- Opening Delimiter -
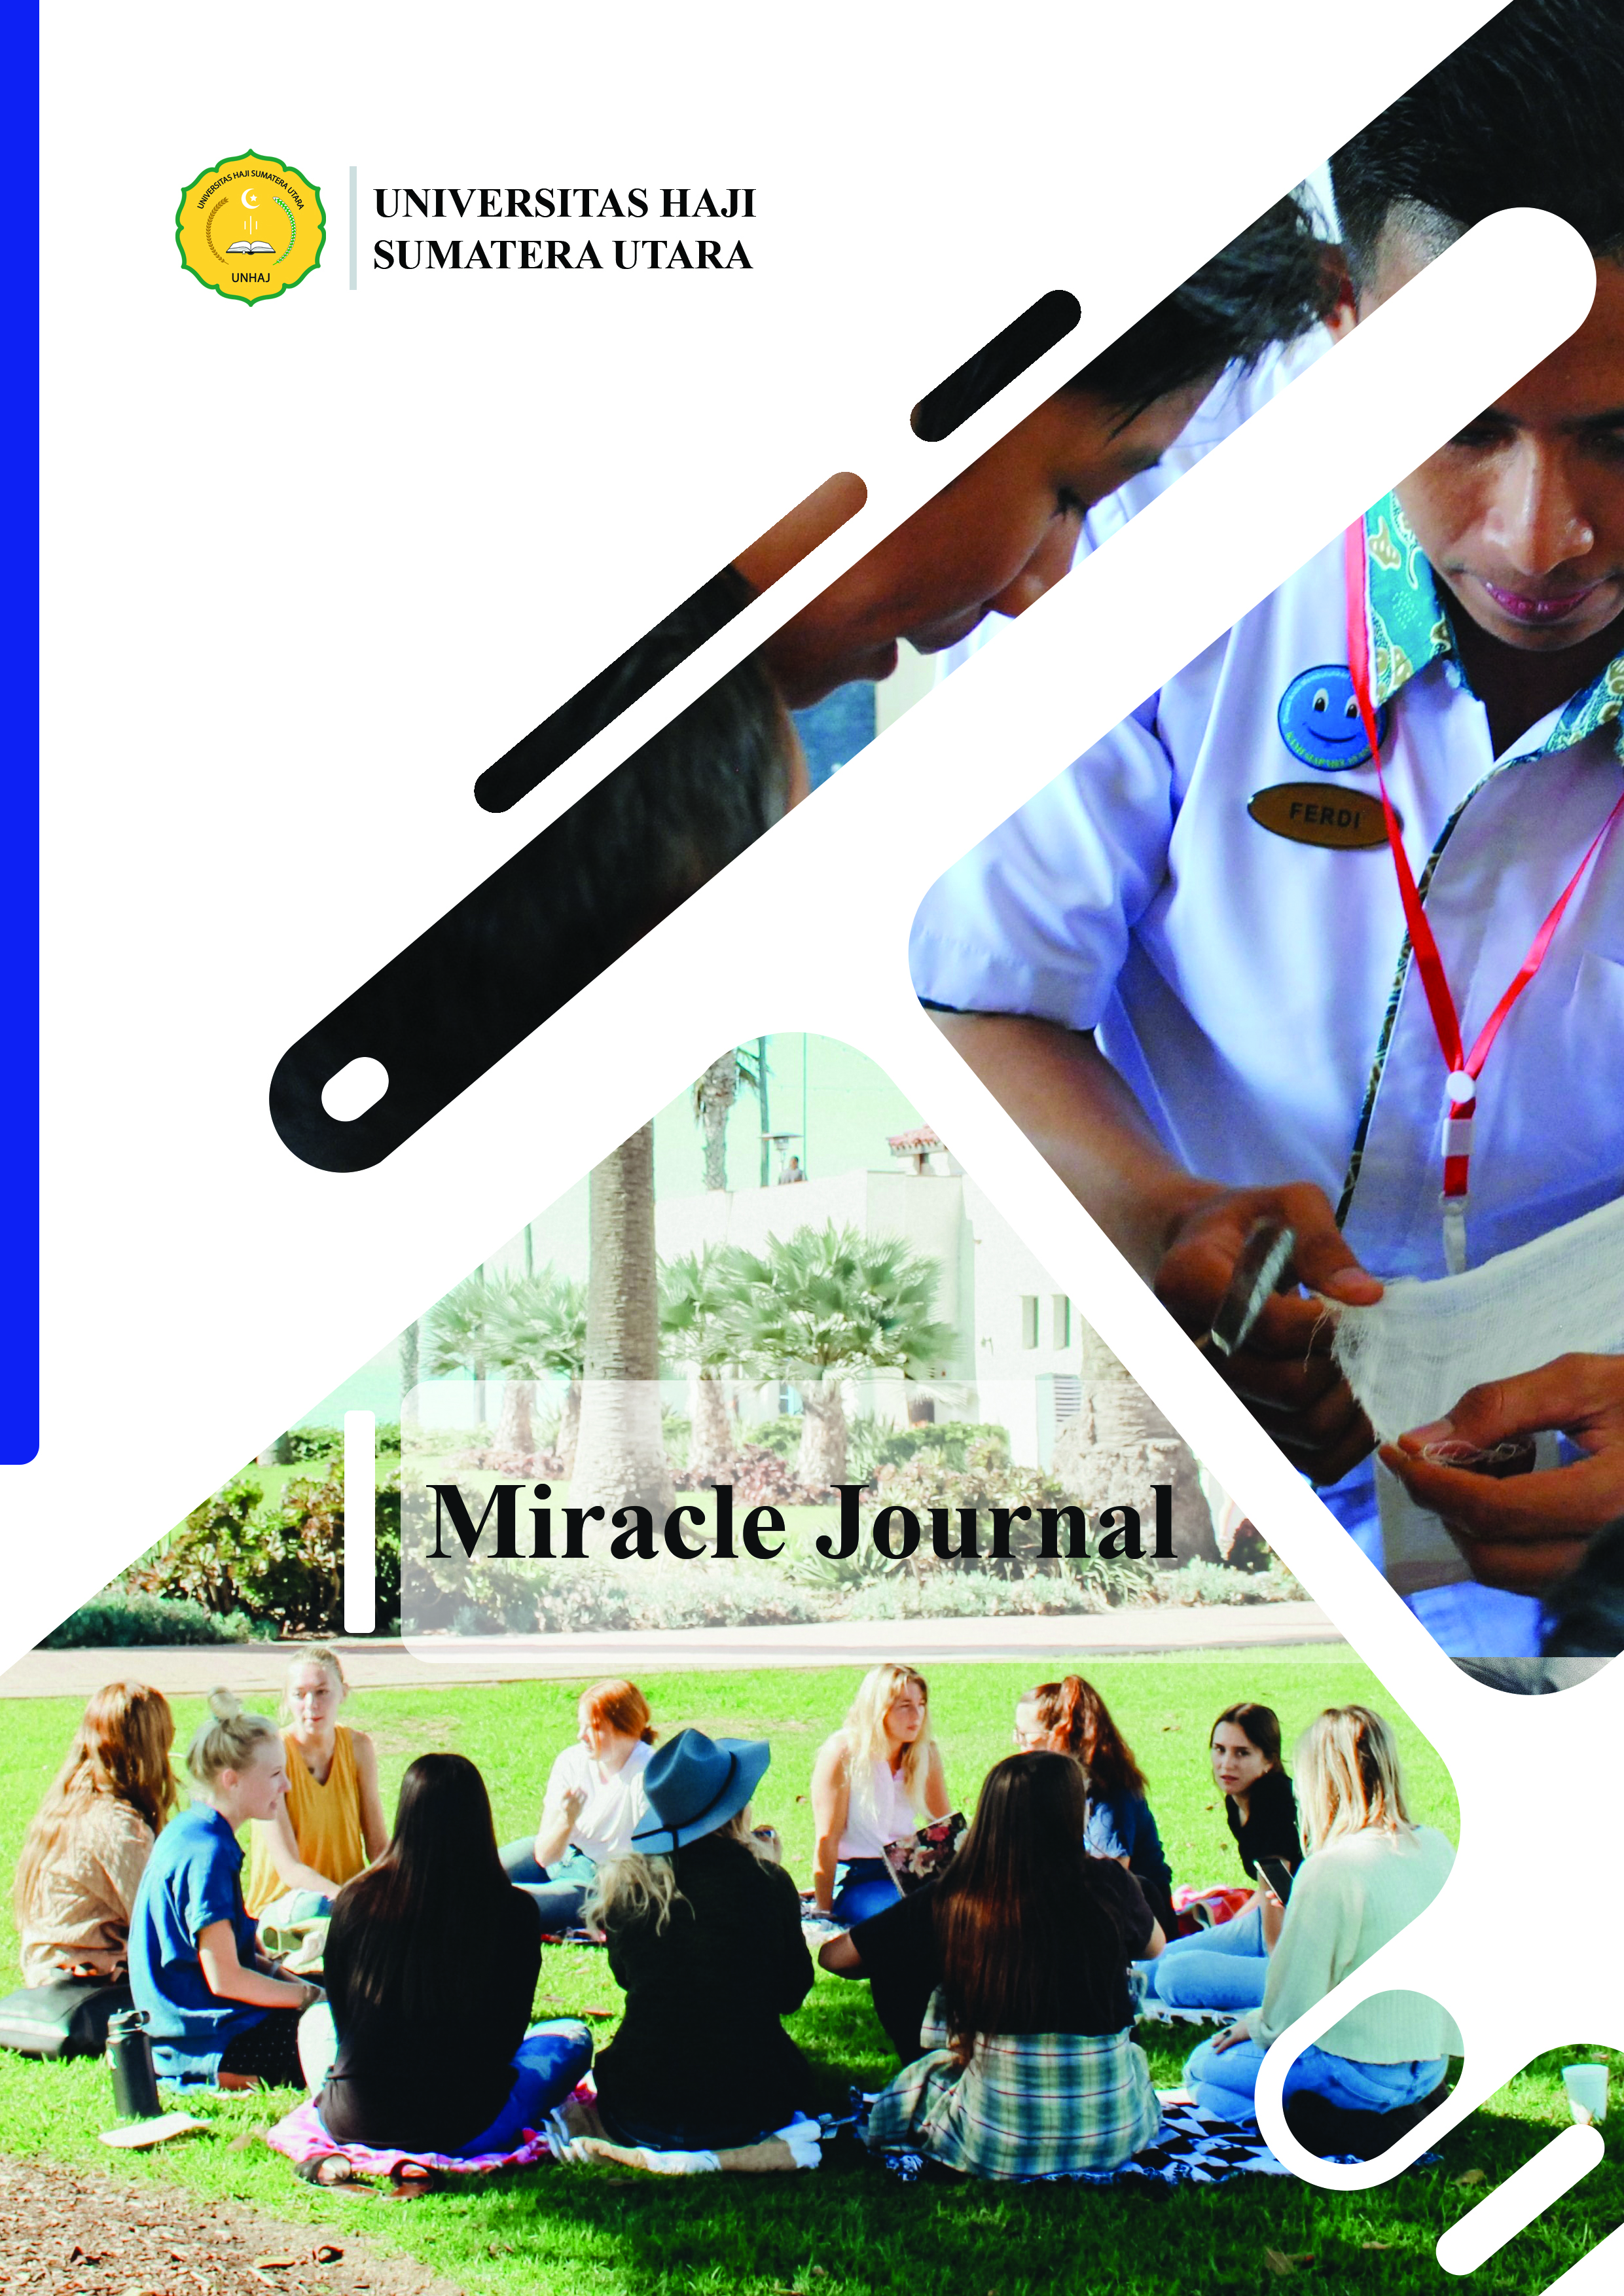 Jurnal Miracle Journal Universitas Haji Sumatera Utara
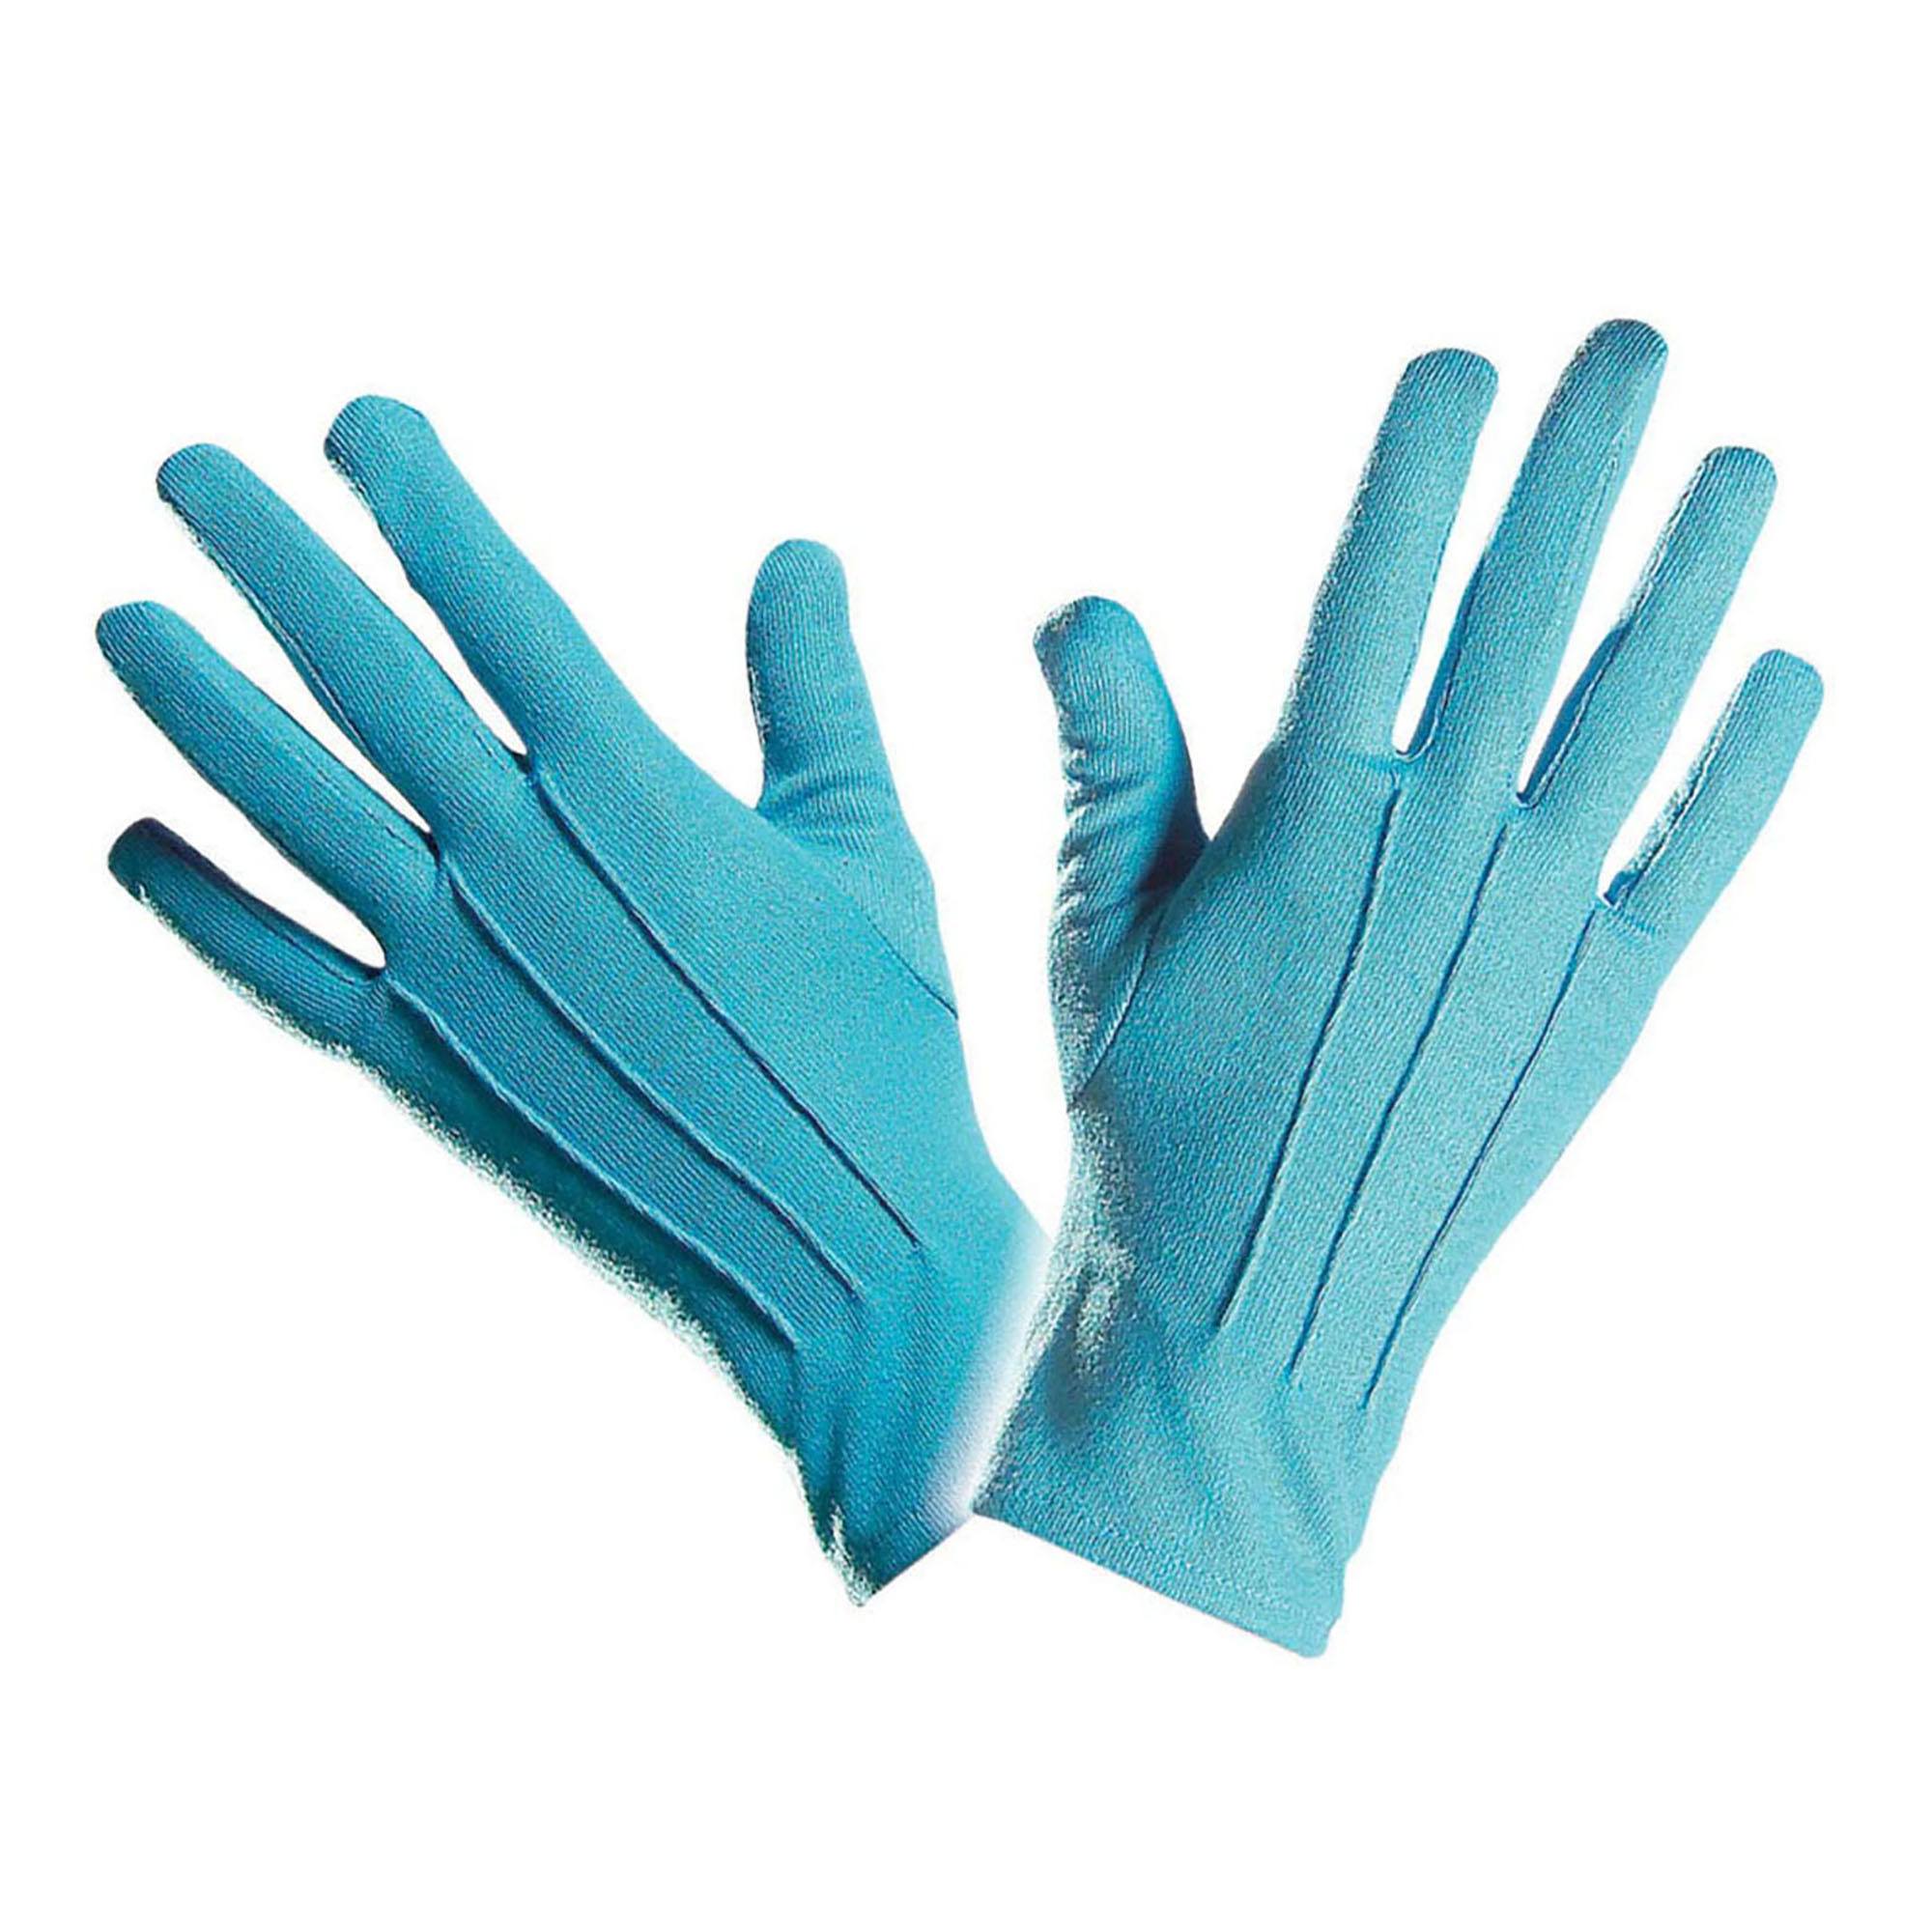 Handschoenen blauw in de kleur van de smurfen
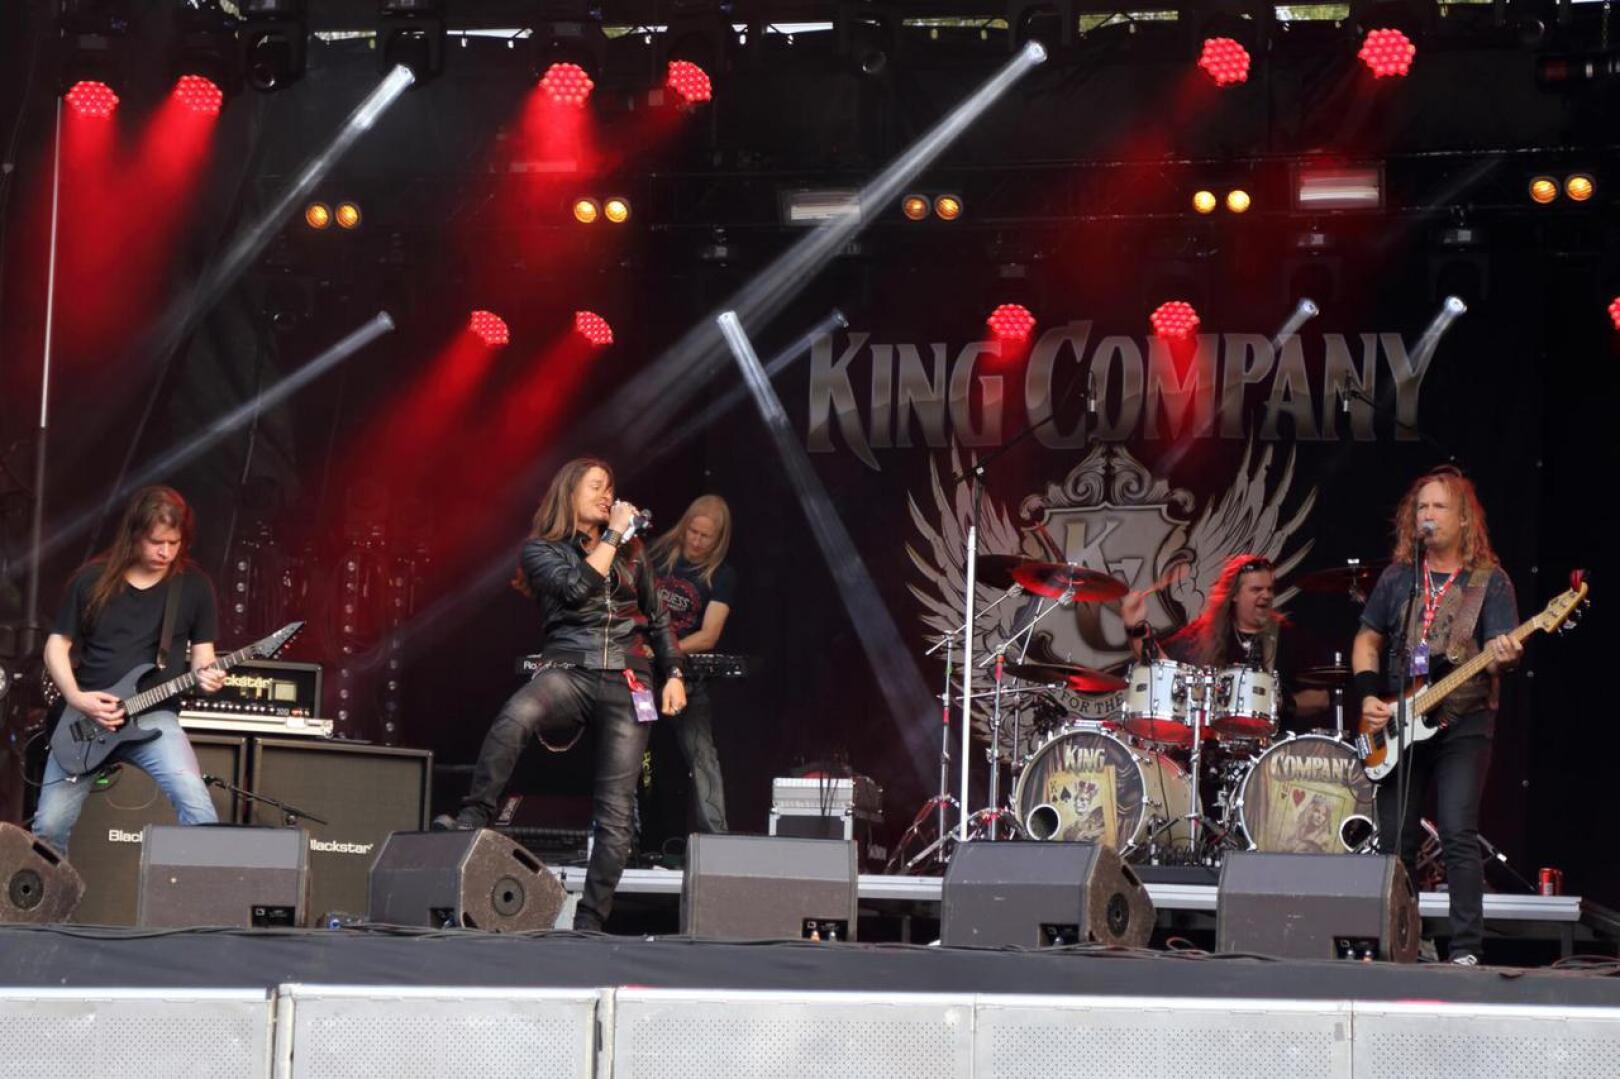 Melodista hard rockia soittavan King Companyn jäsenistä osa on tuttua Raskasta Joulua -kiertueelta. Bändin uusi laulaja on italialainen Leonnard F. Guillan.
- Closing Delimiter -
All of the material above must be given again verbatim, except for the pictures.

 Jurnal Miracle Journal Universitas Haji Sumatera Utara
 Handschoenen blauw in de kleur van de smurfen
 Melodista hard rockia soittavan King Companyn jäsenistä osa on tuttua Raskasta Joulua -kiertueelta. Bändin uusi laulaja on italialainen Leonnard F. Guillan.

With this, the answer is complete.